- _Task item_: Within the lines below, the span from the line with "Sano ibuki、デビュー・アルバム『STORY TELLER』全曲ダイジェスト・トレーラー本日公開サムネイル画像" to the line with "heilige-athanasius-olv-ter-nood-heiloo", both ends included, is to be reproduced exactly, with pictures omitted.

- _Given information_:
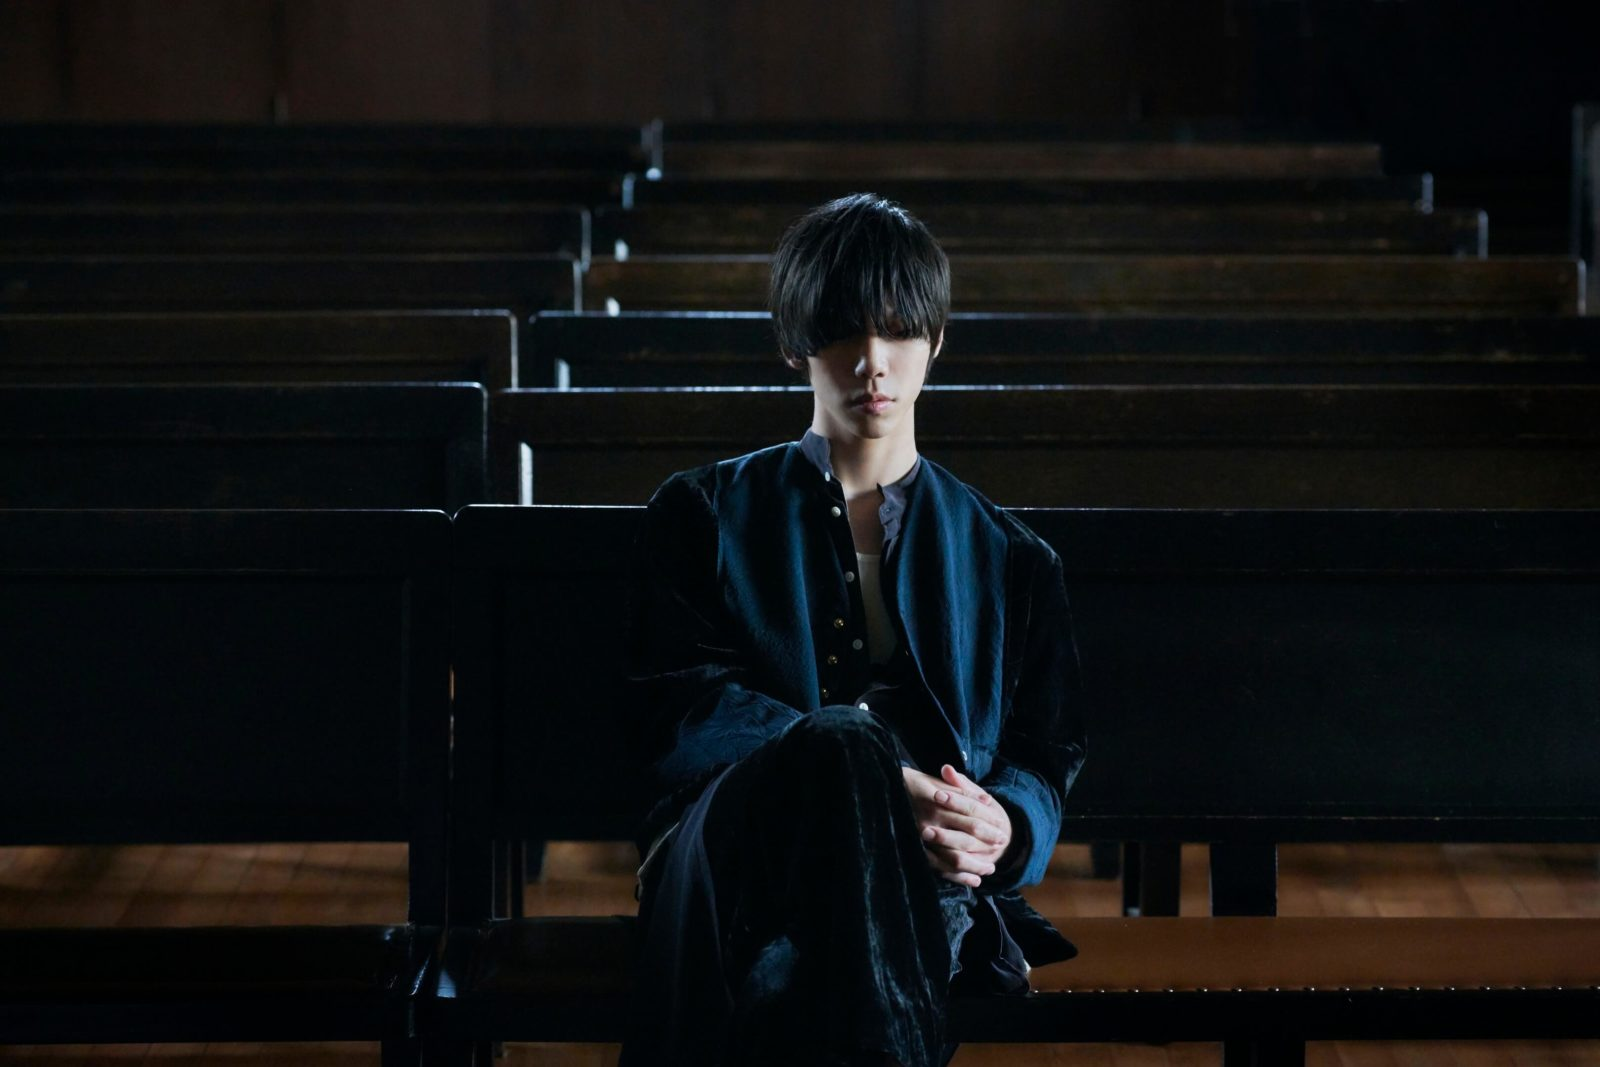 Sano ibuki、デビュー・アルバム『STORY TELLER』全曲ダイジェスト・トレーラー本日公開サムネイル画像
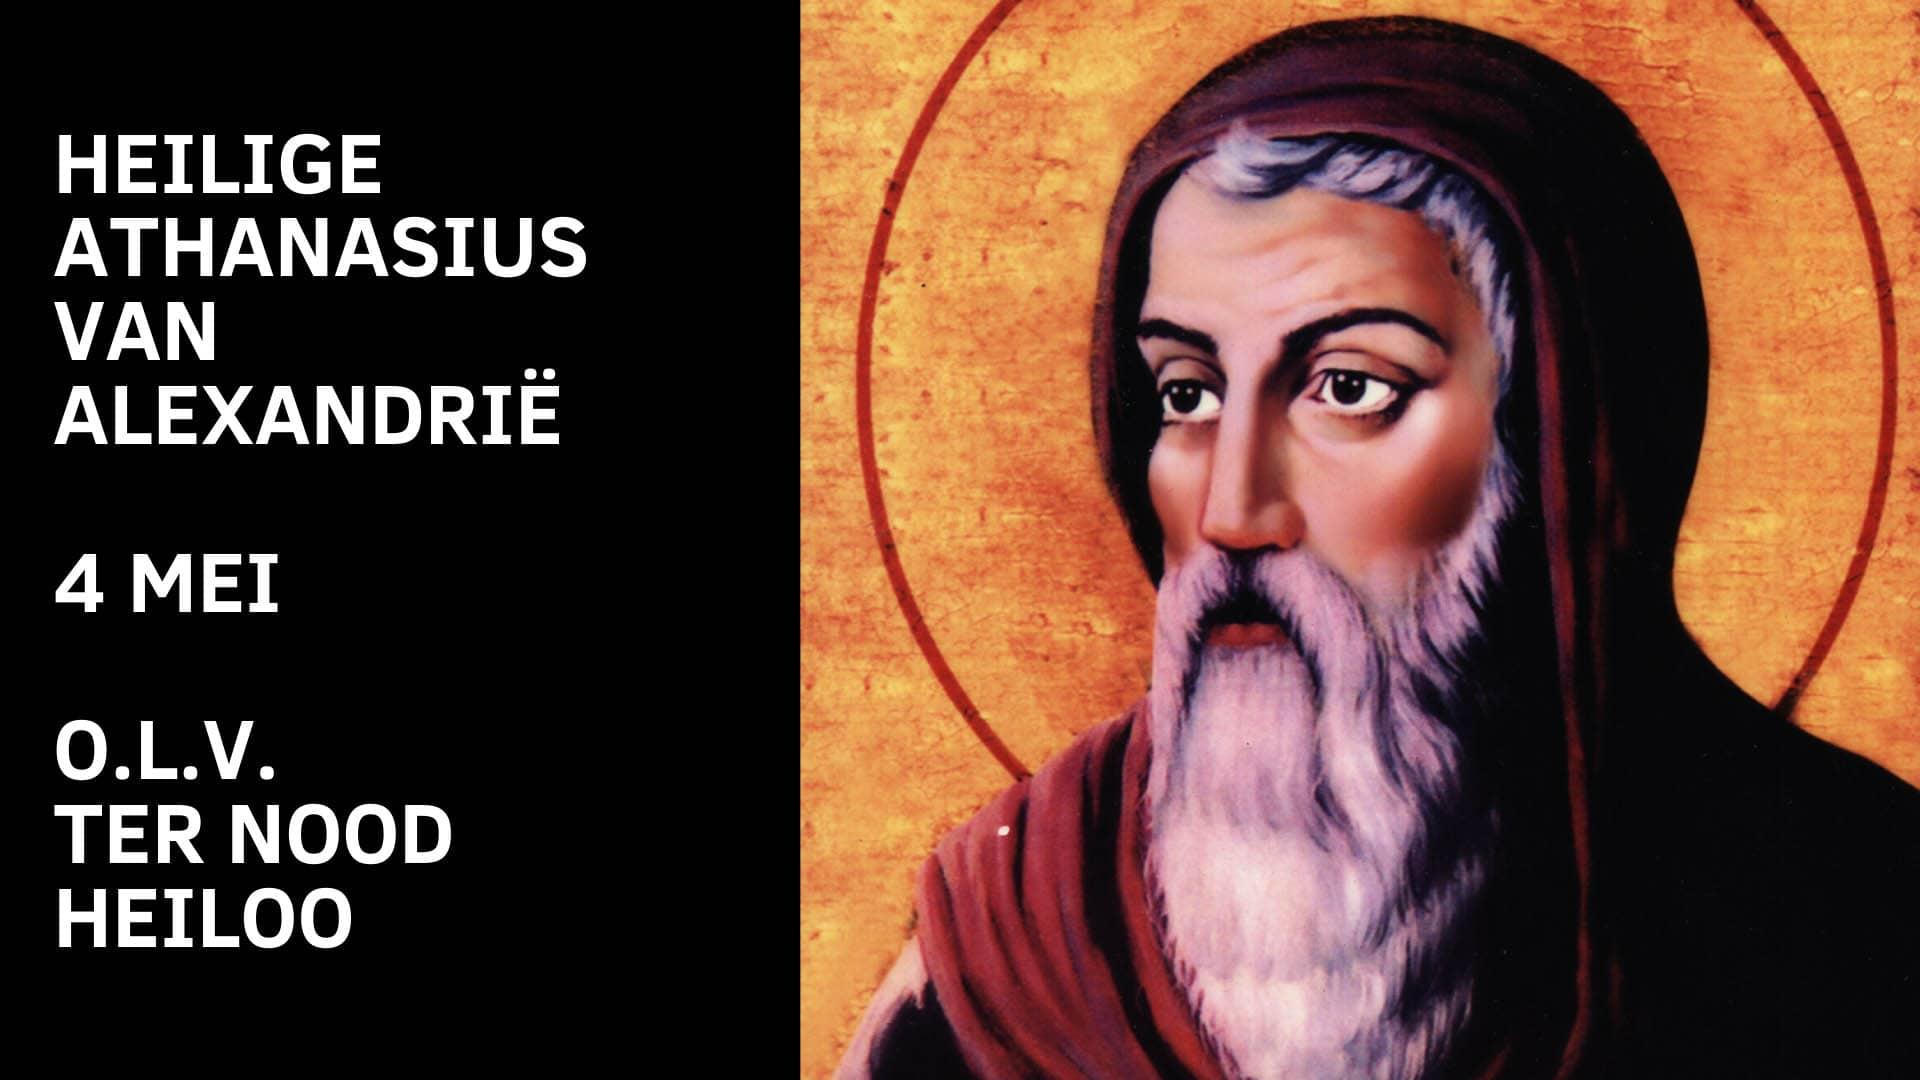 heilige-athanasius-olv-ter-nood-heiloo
---
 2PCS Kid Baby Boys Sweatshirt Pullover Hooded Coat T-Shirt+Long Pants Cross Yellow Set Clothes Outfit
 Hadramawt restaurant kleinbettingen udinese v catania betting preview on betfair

- _Worked solution_:
 Sano ibuki、デビュー・アルバム『STORY TELLER』全曲ダイジェスト・トレーラー本日公開サムネイル画像
 heilige-athanasius-olv-ter-nood-heiloo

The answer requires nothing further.